Compared to two decades
ago, an important shift has occurred in the larger cities of Indonesia. The
skyline of big cities such as Jakarta or Surabaya is more and more dominated by
high-rise buildings, either offices or apartments. Central districts in cities
have seen much property development as - amid economic growth - more and more
businesses (both foreign and domestic) needed office space, while there has
also been a trend of middle class people enjoying living in the central parts
of the bigger cities as it reduces travel time to their offices. Also property
development in suburbs and secondary cities has been booming, both from a
demand and supply side. These projects include houses, apartments and
condominiums, mixed-use developments, shophouses, malls in the rapidly growing
suburbs of the Greater Jakarta region (including Jakarta, Bogor, Depok,
Tangerang and Bekasi). Prospective secondary cities include Bandung, Surabaya,
Yogyakarta and Semarang (all on Java, Indonesia's most populous island).

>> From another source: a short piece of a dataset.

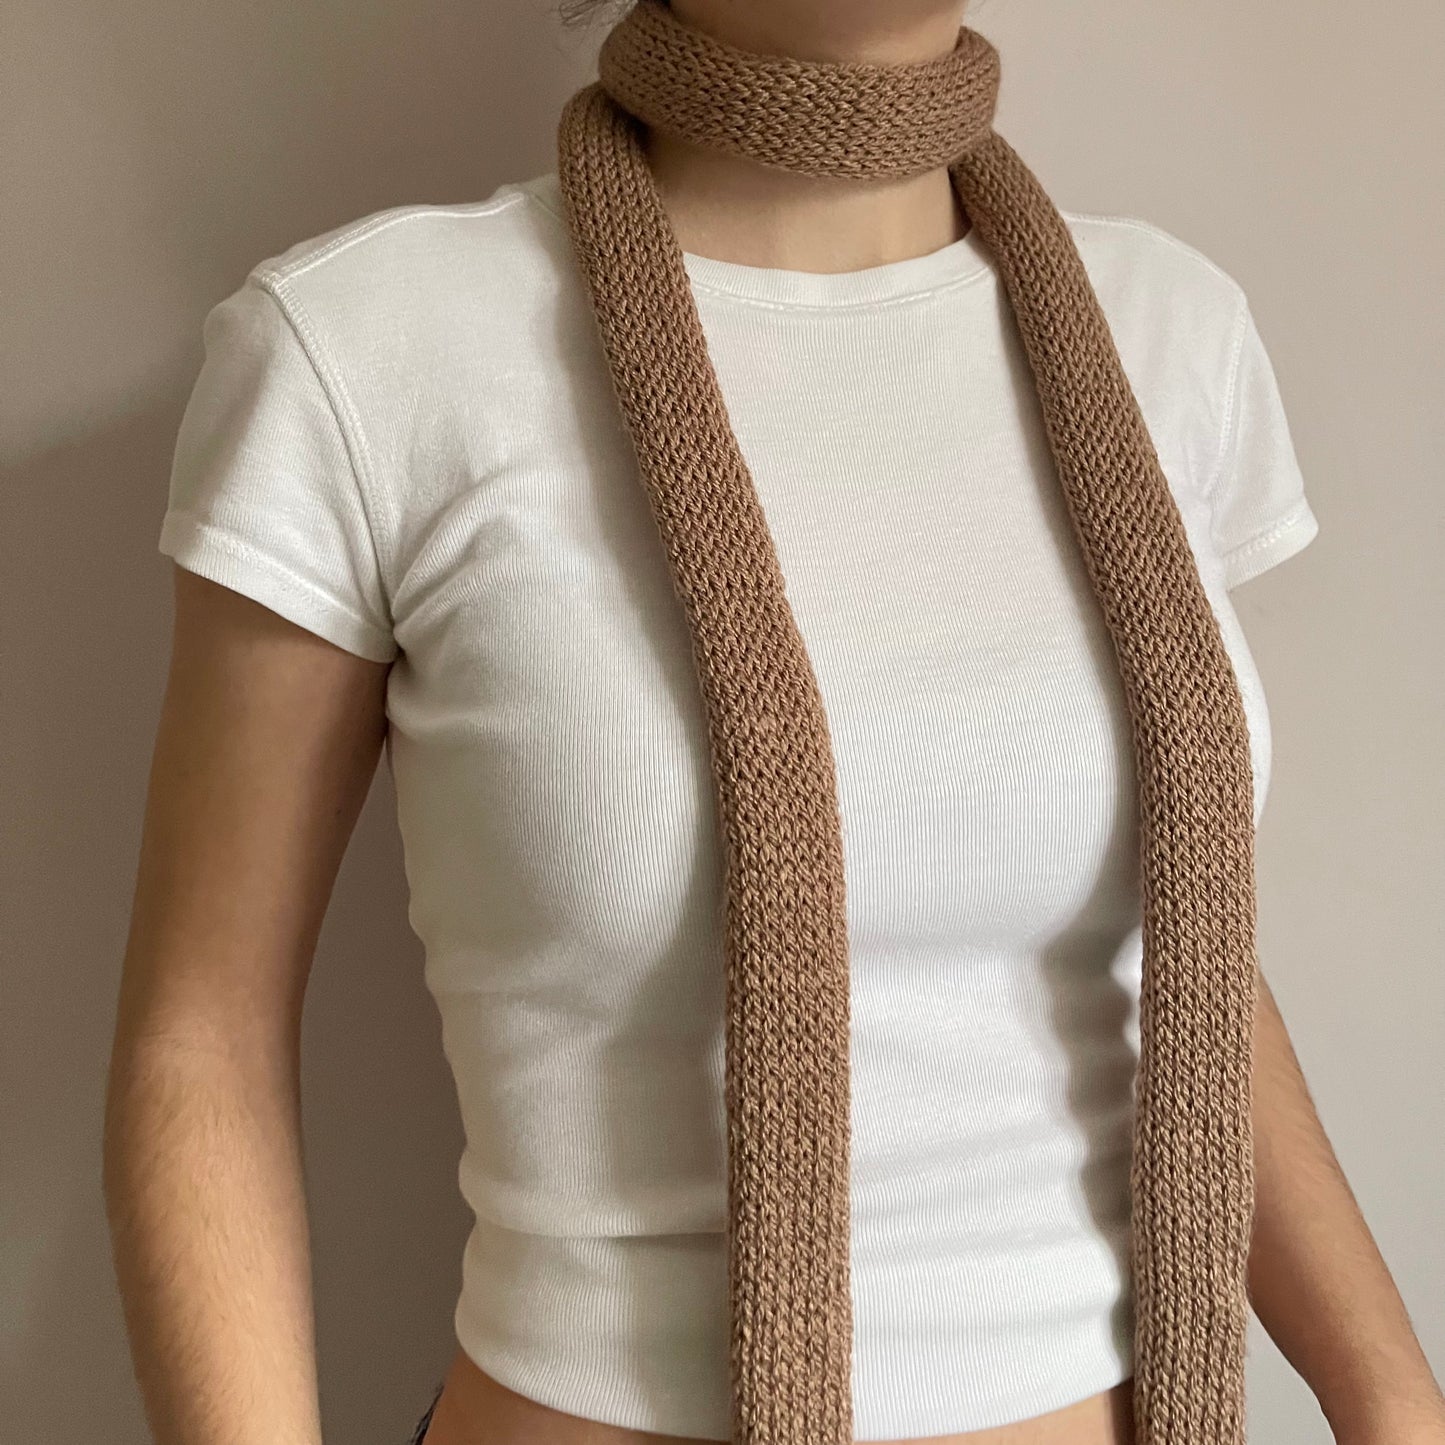 Handmade knitted skinny scarf in tan

Outside Java, large-scale property development is seen in cities such as Medan
and Palembang (Sumatra), Balikpapan and Pontianak (Kalimantan), Makassar
(Sulawesi) and on Bali as well as Lombok. As a logical side effect of the
property boom, Indonesia's land and property prices have increased considerably
in recent years.
In the Greater Jakarta region, demand for new
residential property (middle-up and high-end housing projects) is at between
100,000 and 200,000 units per year, thus exceeding supply. Luke Rowe, Senior
Advisor at Jones Lang LaSalle Indonesia, sees a very buoyant market across
Jakarta as in 2013 74 percent of all new property projects were sold before
construction was started. When projects are completed, about 90 percent of the
property had been sold. These rates are much higher compared to other countries
and thus indicate robust demand. Rowe also notes that 60 percent of property
purchases are made by investors, while the remaining 40 percent are made by
end-users. However, for the future, Rowe expects that the ratio of end-users
will grow.
However, growth of the
property sector in Indonesia is expected to slow after the central bank (Bank
Indonesia) introduced measures to curb Indonesians' demand for housing,
particularly because it detected speculative buying. In July 2013, Bank
Indonesia raised the minimum down payment requirement and curbed mortgages for
second home ownership. Moreover, higher inflation starting from June 2013
(after the government increased prices of subsidized fuels), in combination
with an uncertain international climate (due to the looming end of the Federal
Reserve's quantitative easing program) leading to large capital outflows from
Indonesia (evidenced by a sharply depreciating rupiah exchange rate in 2013),
made Bank Indonesia decide to raise its benchmark interest rate (BI rate)
gradually from 5.75 percent in June 2013 to 7.50 percent in November 2013. In
fact, there is still a chance that the central bank will raise its BI rate this
quarter despite generally improving economic fundamentals (such as the easing
current account deficit, easing inflation and an appreciating rupiah). Amid
this less rosy economic environment, there have been reports that property
developers needed to postpone projects as well as a reported decline in
mortgage disbursement by financial institutions.
Bank Indonesia also
prohibits lending to developers for land acquisition. For the smaller
developers, this forms a (financing) problem and therefore Indonesia's property
development continues to be dominated by the large developers, such as Lippo
Karawaci, Agung Podomoro, Sinar Mas Land, Kawasan Industri Jababeka, Ciputra
Development, Summarecon Agung, and Pakuwon Jati.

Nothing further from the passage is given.